//IN CHILLY WEATHER, THERE’S NOTHING BETTER! – OUR WINTER READING LIST
OUR RECOMMENDED WINTER READING LIST
For book lovers, reading knows no season. However, we have to admit that colder weather does make snuggling in bed with a book and a steaming pot of tea all that much more fun. So here is our selection of some of the best books to add to your reading list this winter.

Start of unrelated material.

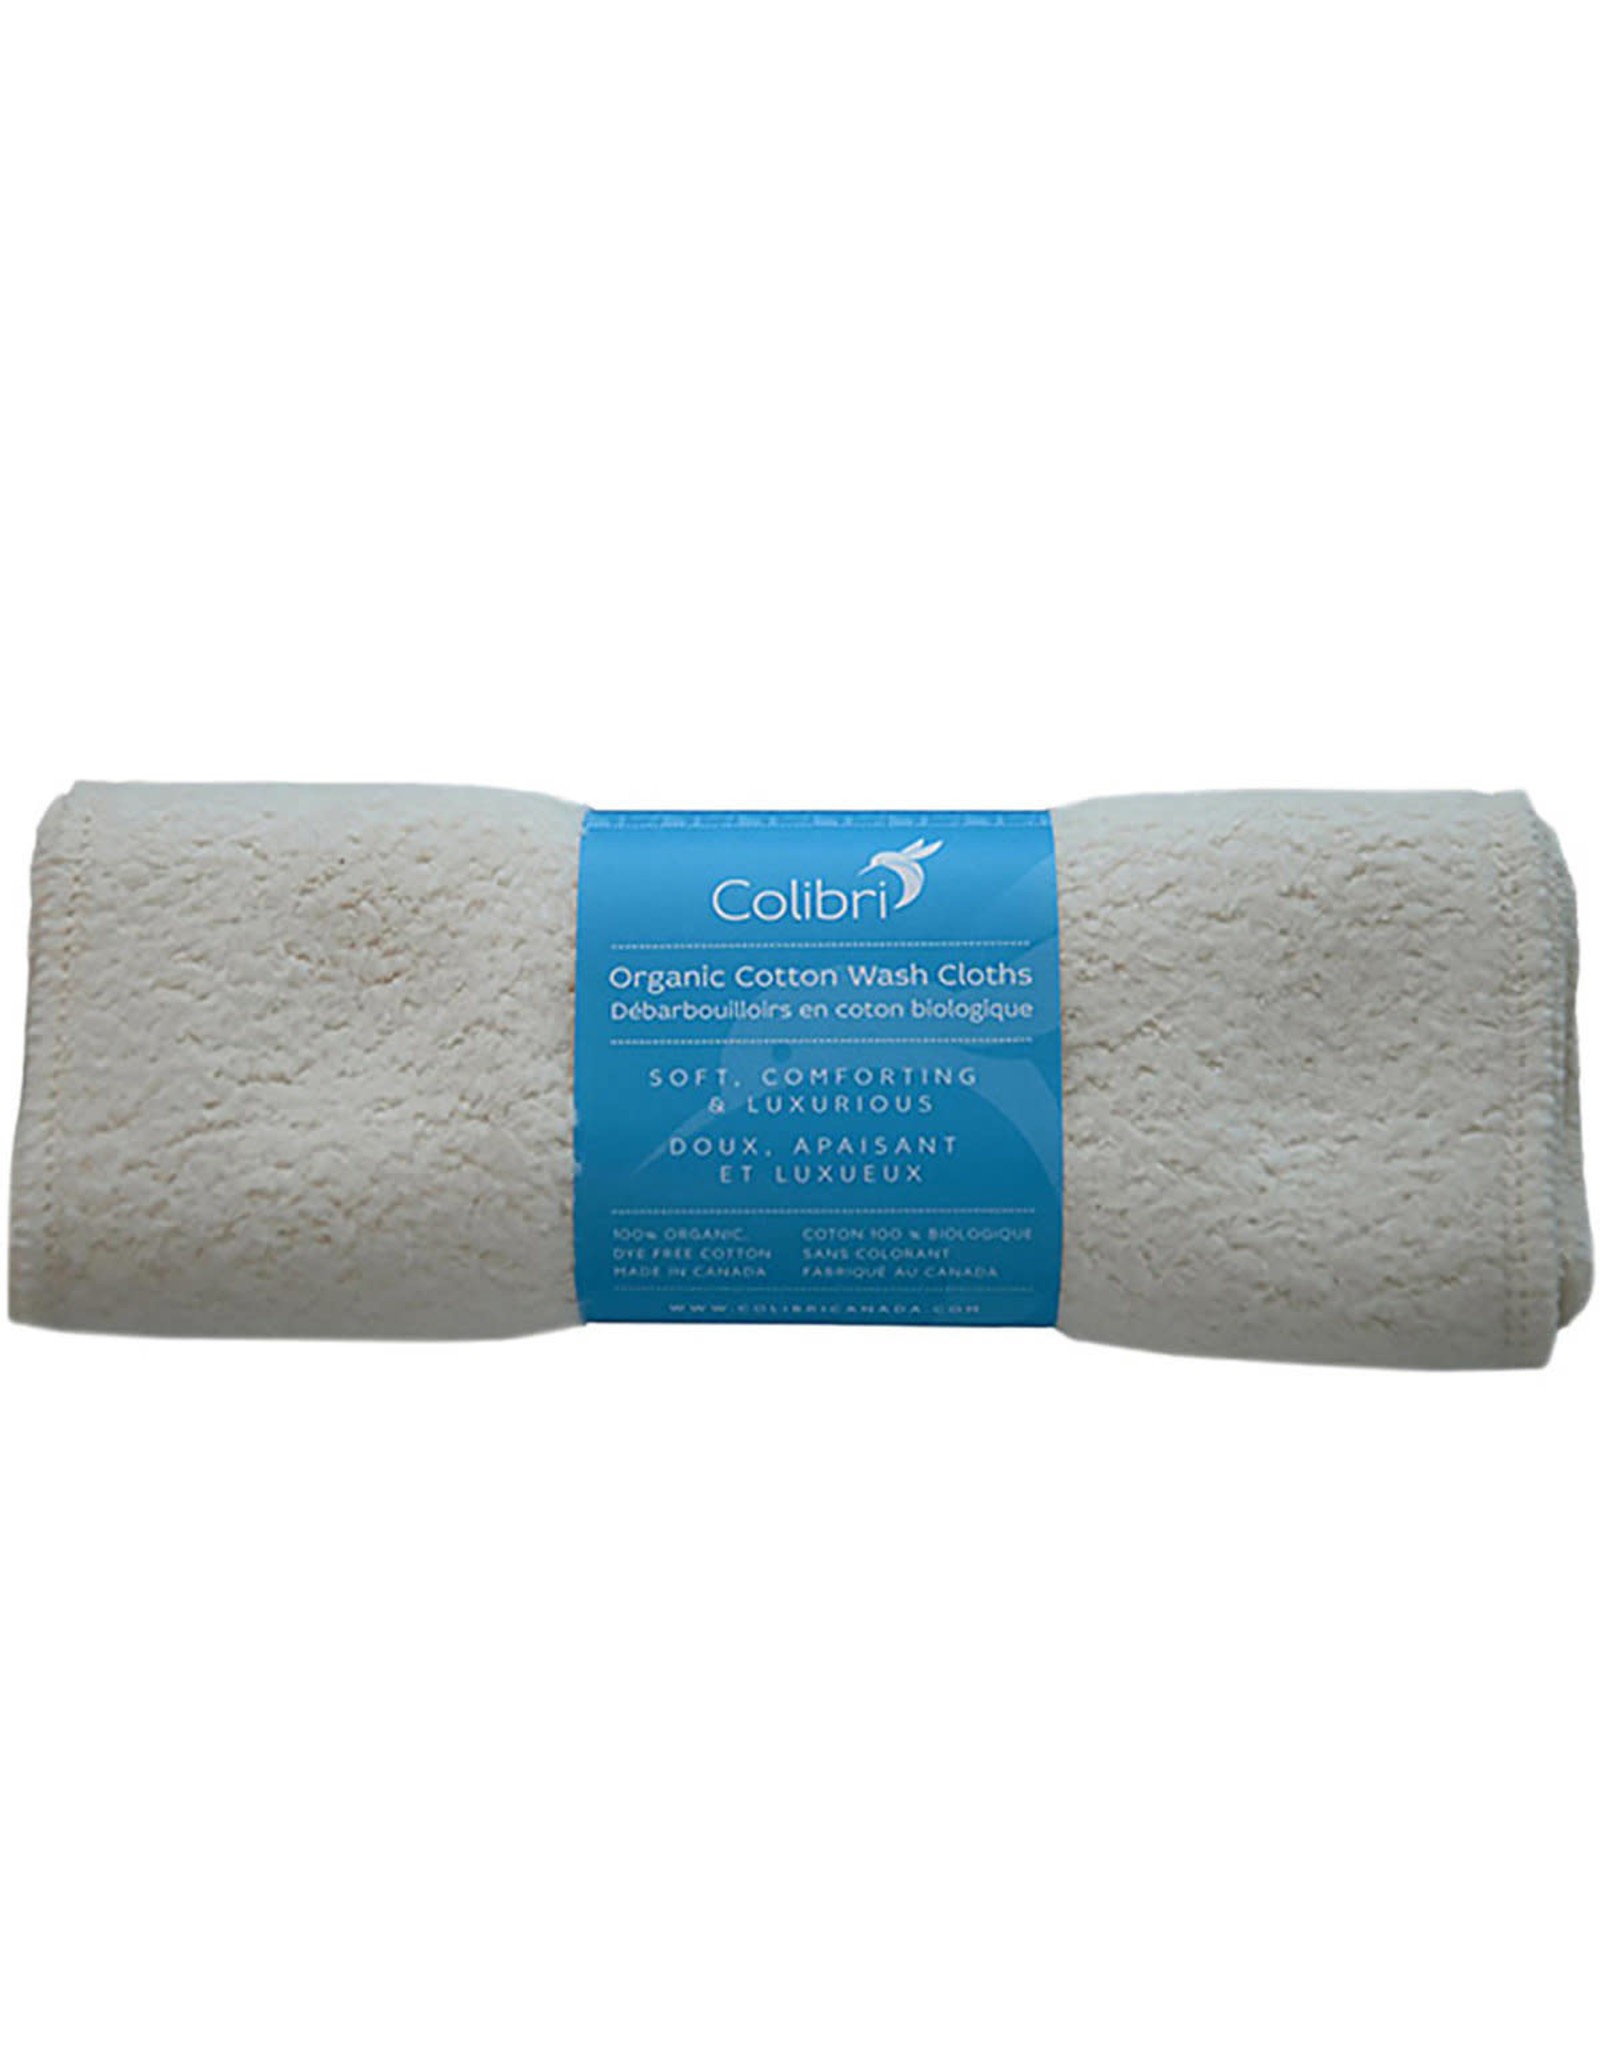 Colibri Organic Cotton Wash Cloths 5pk

WORKING BACKWARDS By Colin Bryar & Bill Carr
Colin started at Amazon in 1998; Bill joined in 1999. Their time at Amazon covered a period of unmatched innovation that brought products and services including Kindle, Amazon Prime, Amazon Echo and Alexa to life.Through the story of these innovations, they reveal the principles and practices that have driven the success of one of the most extraordinary companies the world has ever known, from the famous 14-leadership principles, the bar raiser hiring process, and Amazon’s founding characteristics: customer obsession, long-term thinking, eagerness to invent, and operational excellence. Working Backwards shows how success is not achieved by the genius of any single leader but rather through commitment to and execution of a set of well-defined, rigorously executed principles and practices that you can apply at your own company, no matter the size.

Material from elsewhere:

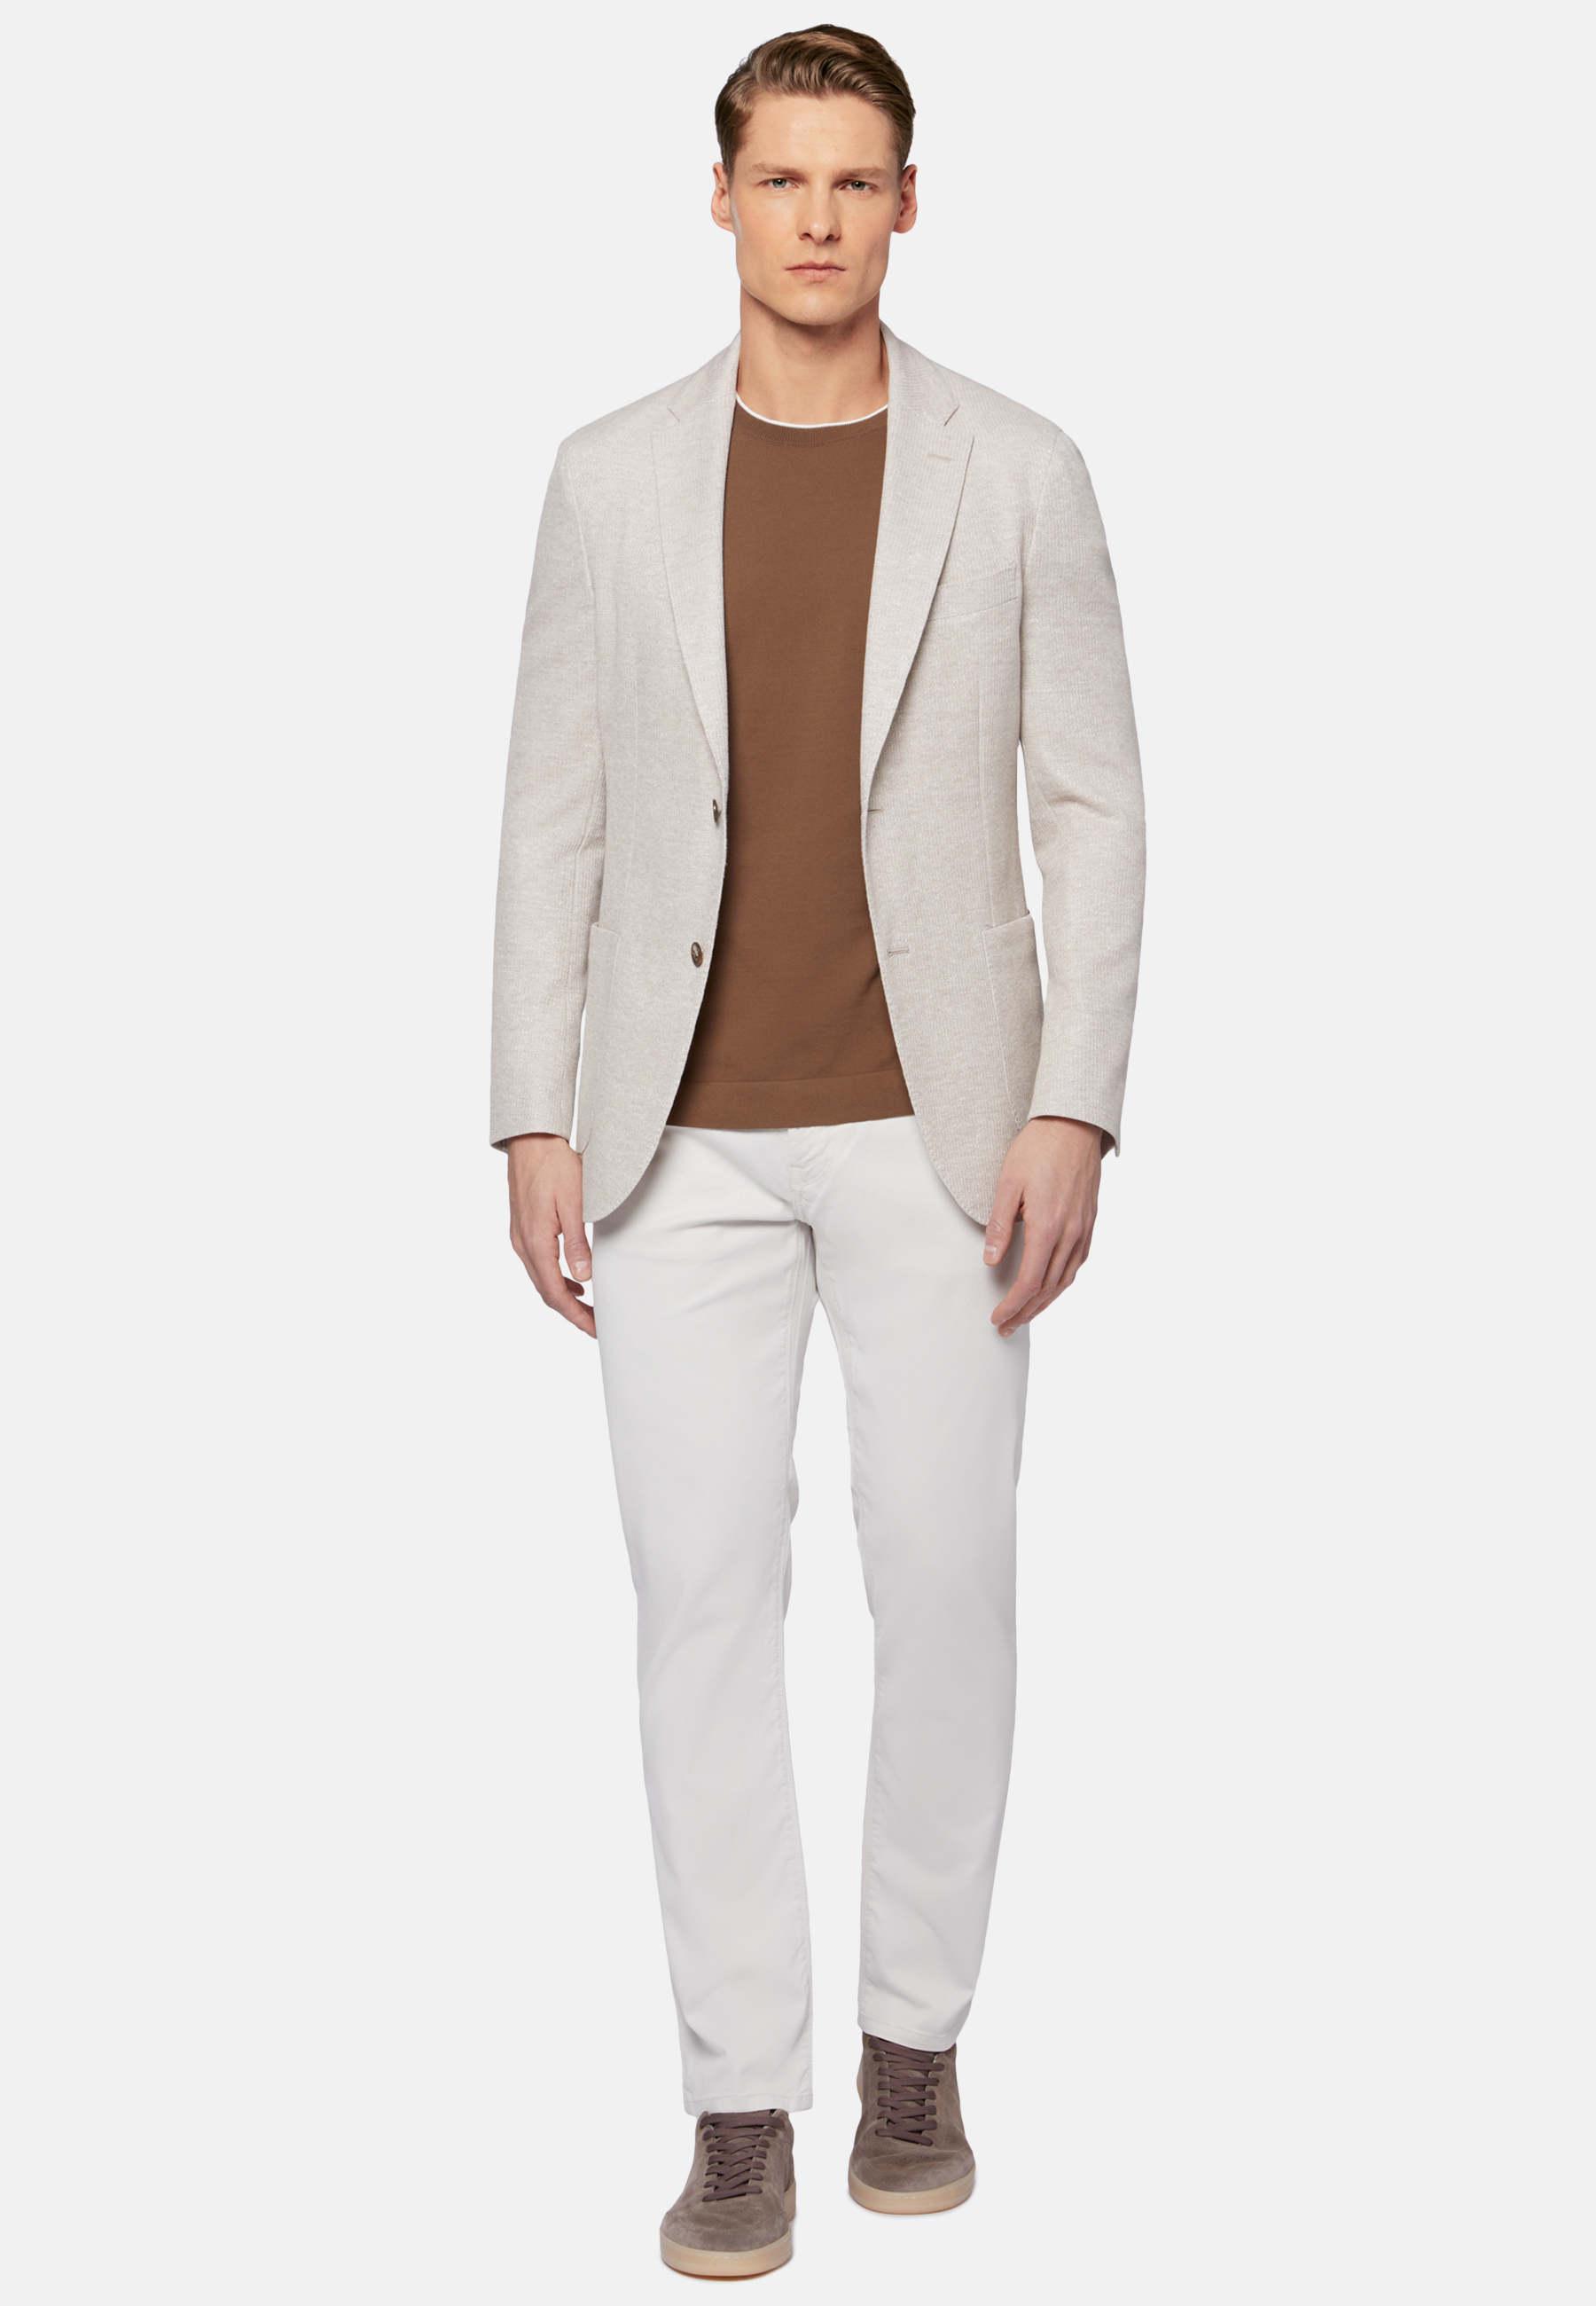 Beige Melange Linen/Cotton B Jersey Jacket

THE AUSCHWITZ PHOTOGRAPHER: BASED ON THE TRUE STORY OF PRISONER 3444 WILHELM BRASSE By Luca Crippa and Maurizio Onnis
When Germany invaded Wilhelm Brasse’s native Poland in 1939, he was asked to swear allegiance to Hitler. He refused and was deported to Auschwitz concentration camp as political prisoner number 3444. A trained portrait photographer, he was ordered to record the camp’s inner workings by taking ID photos of the prisoners, capturing the criminal medical experiments of Josef Mengele, and recording executions. Between 1940 and 1945, Brasse took around 50,000 photographs of the horror around him. But he also risked his life by joining the camp’s Resistance movement, faking documents for prisoners, and trying to smuggle images to the outside world. Then, when Soviet troops finally advanced on the camp to liberate it, Brasse refused SS orders to destroy his photographs.This is the extraordinary true story of the Auschwitz prisoner whose photographs exposed the atrocities of the Holocaust and then helped to convict the Nazis at the Nuremberg Trials.